EXERCISE DATA:
----------
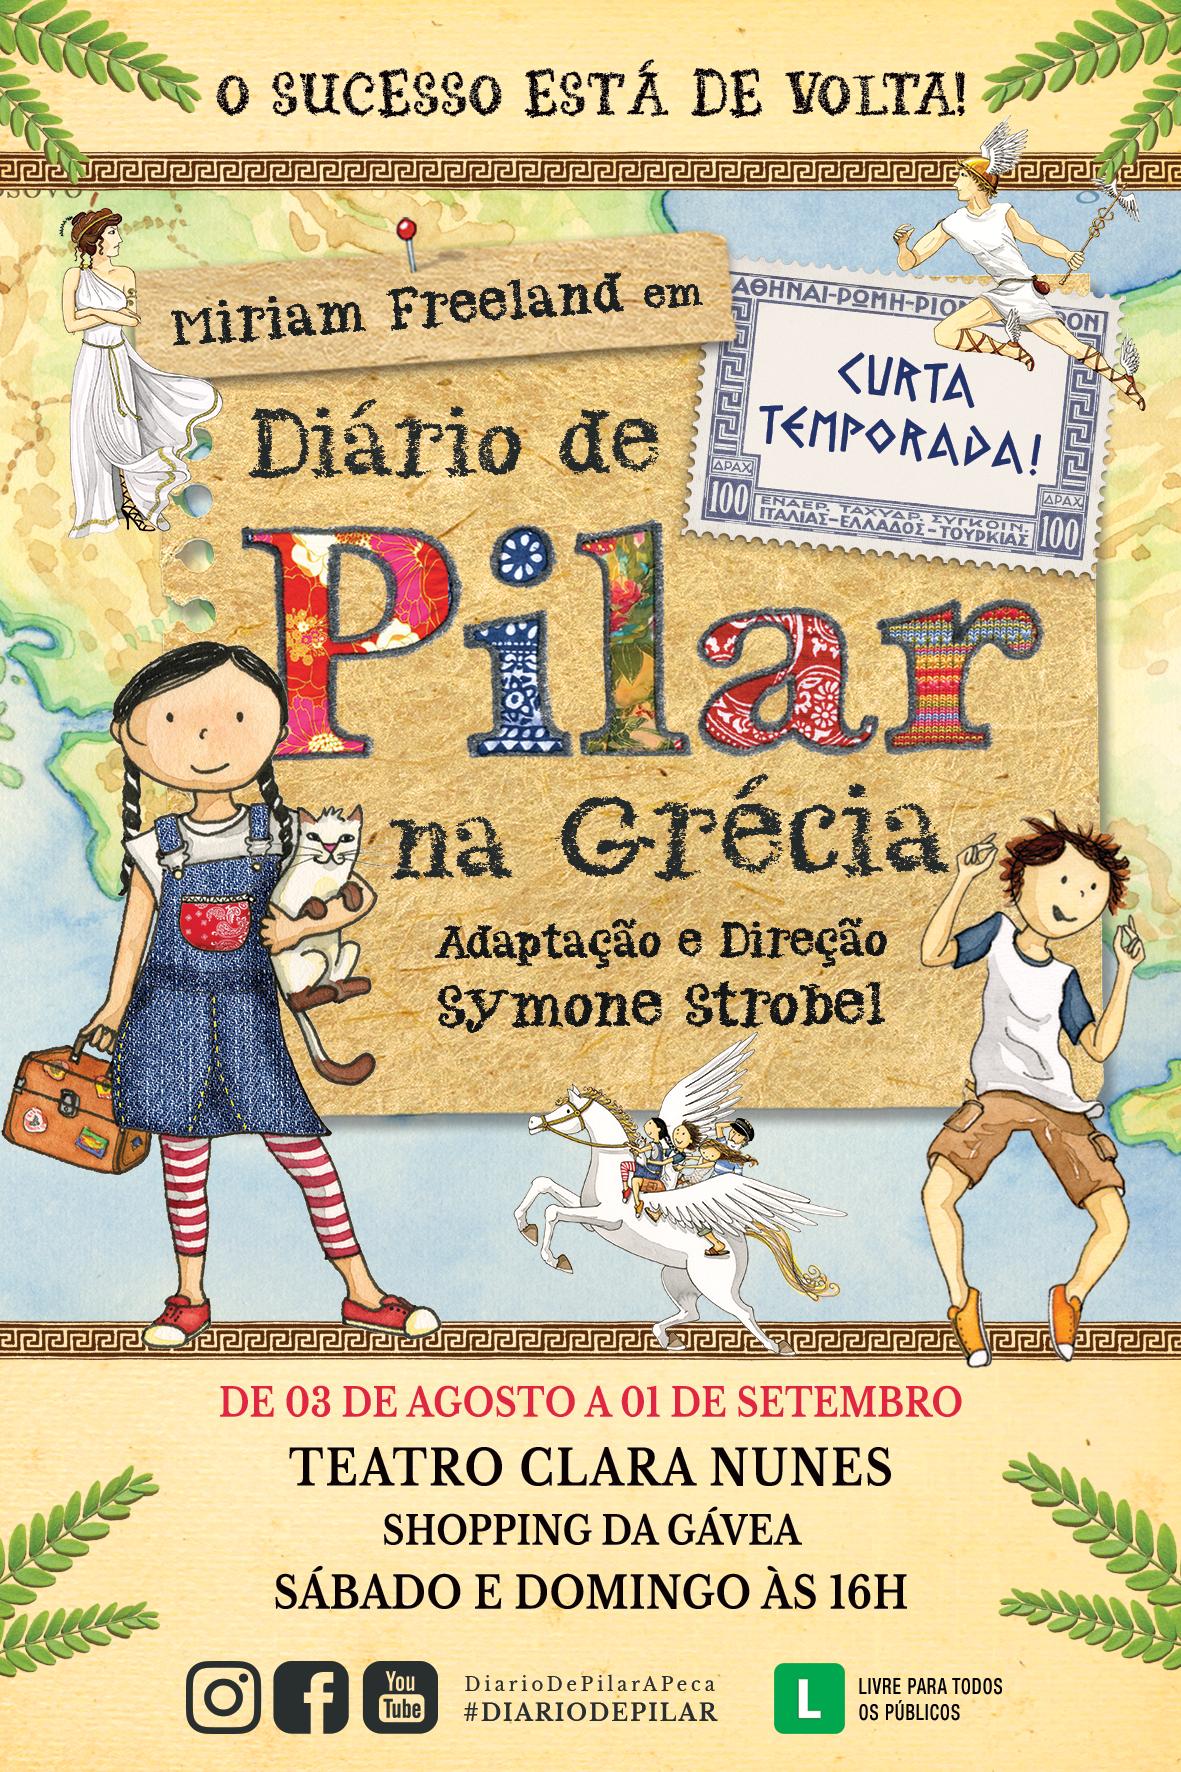 Diário de Pilar na Grécia – Arte & REDE
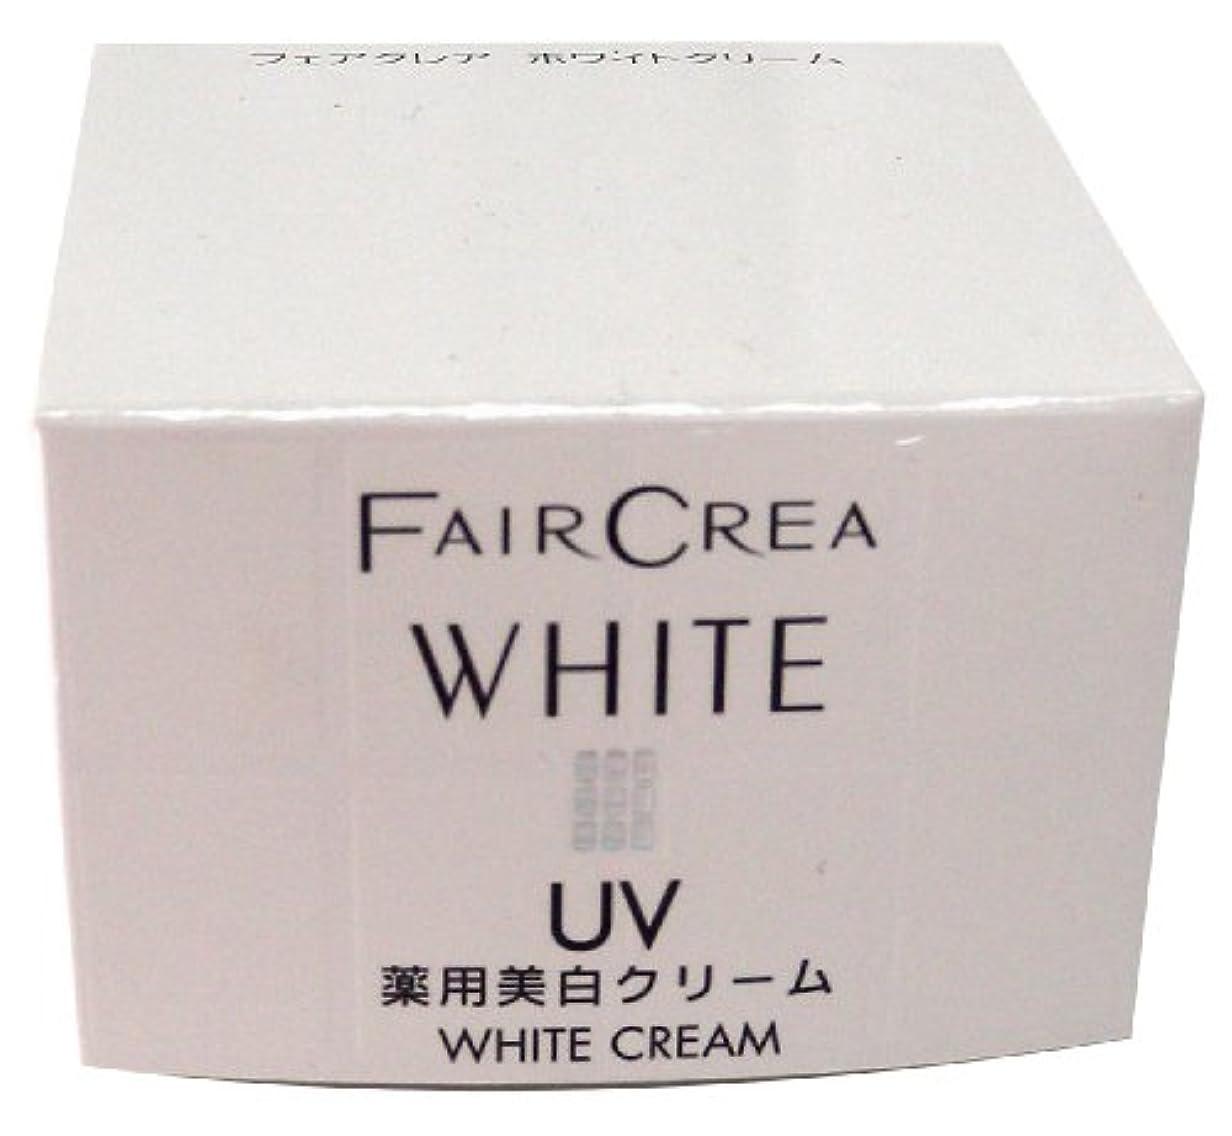 国際コンバーチブル実際のフェアクレア ホワイトクリーム 30g <27130>
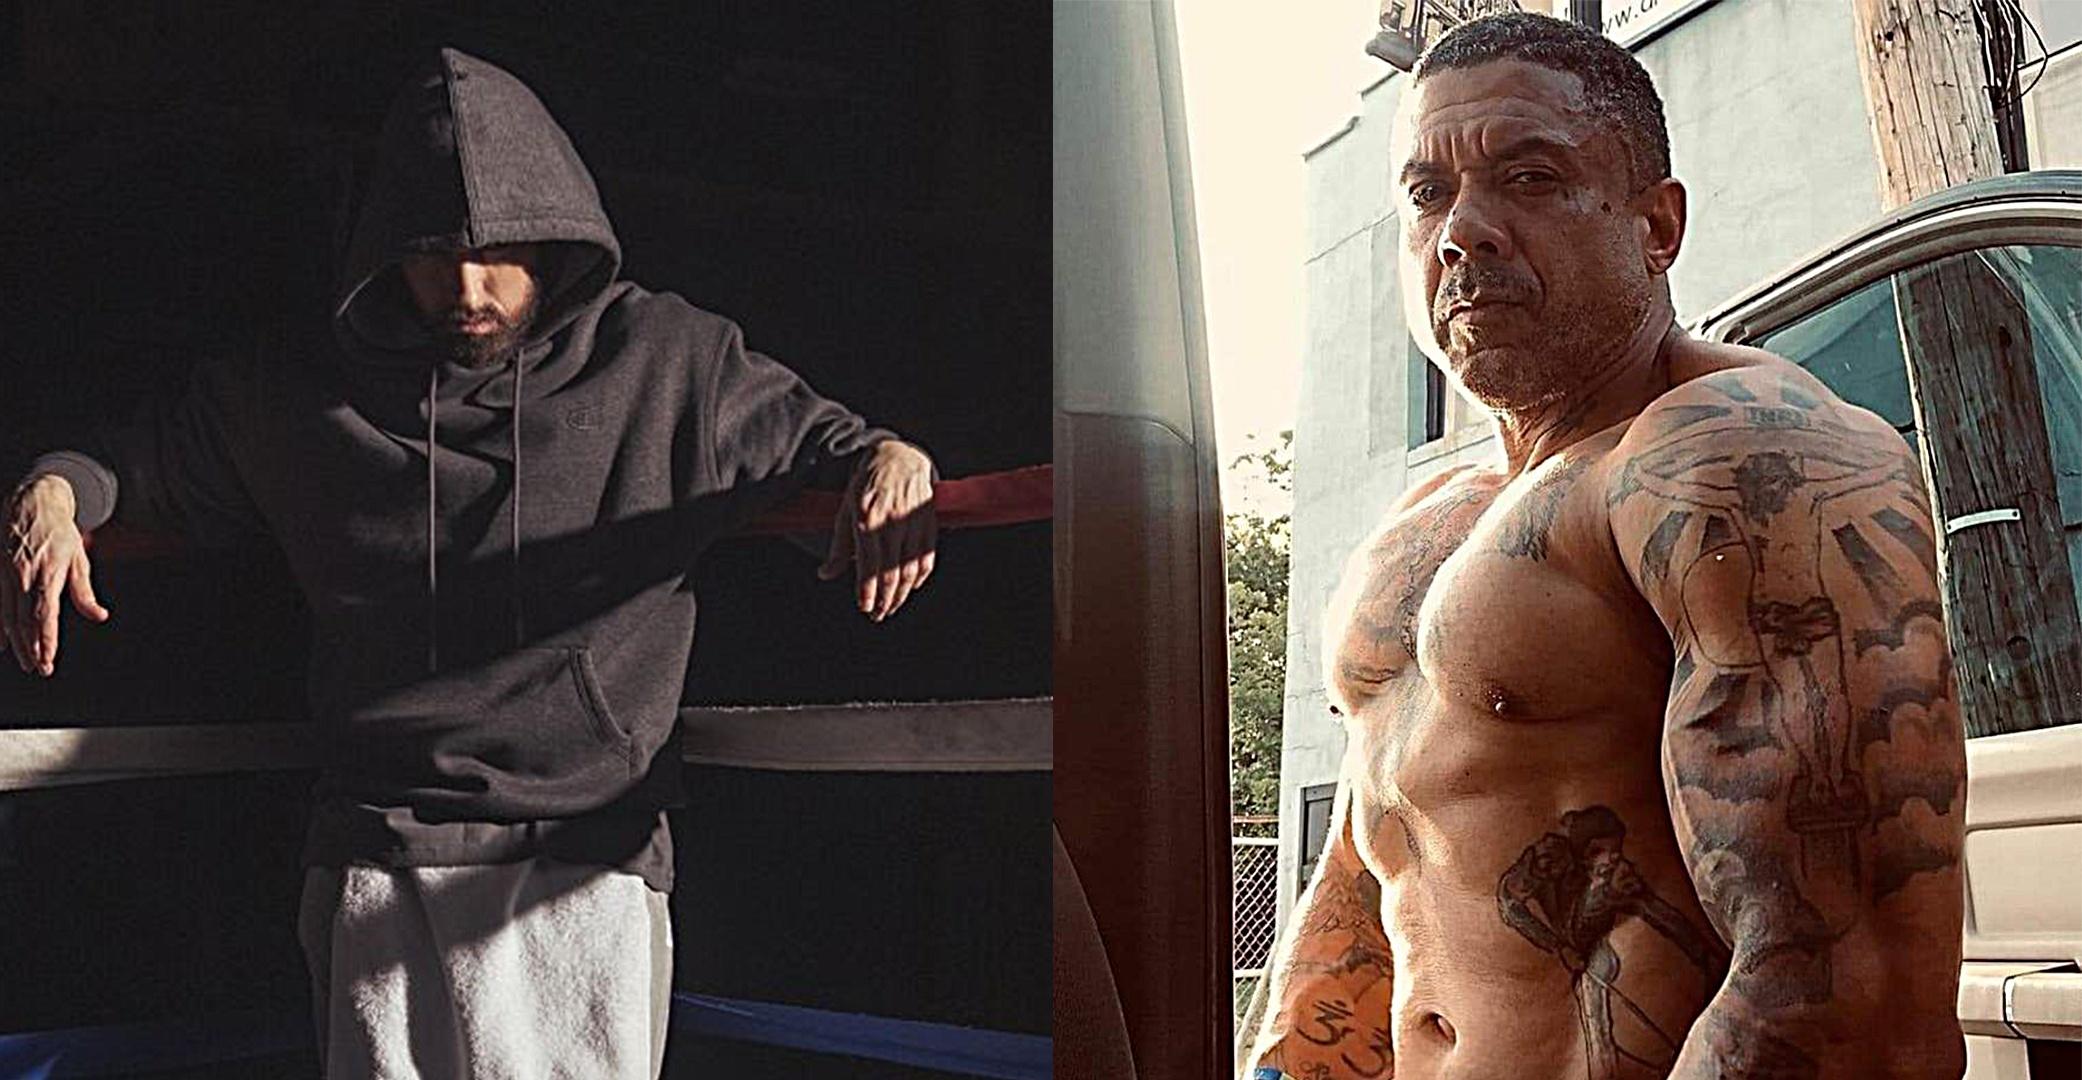 benzino-eminem-boxing
----------
PROBLEM REQUIREMENTS: Please output the full listing above exactly, minus any pictures.

RESPONSE TO THIS TASK:
 Diário de Pilar na Grécia – Arte & REDE
 国際コンバーチブル実際のフェアクレア ホワイトクリーム 30g <27130>
 benzino-eminem-boxing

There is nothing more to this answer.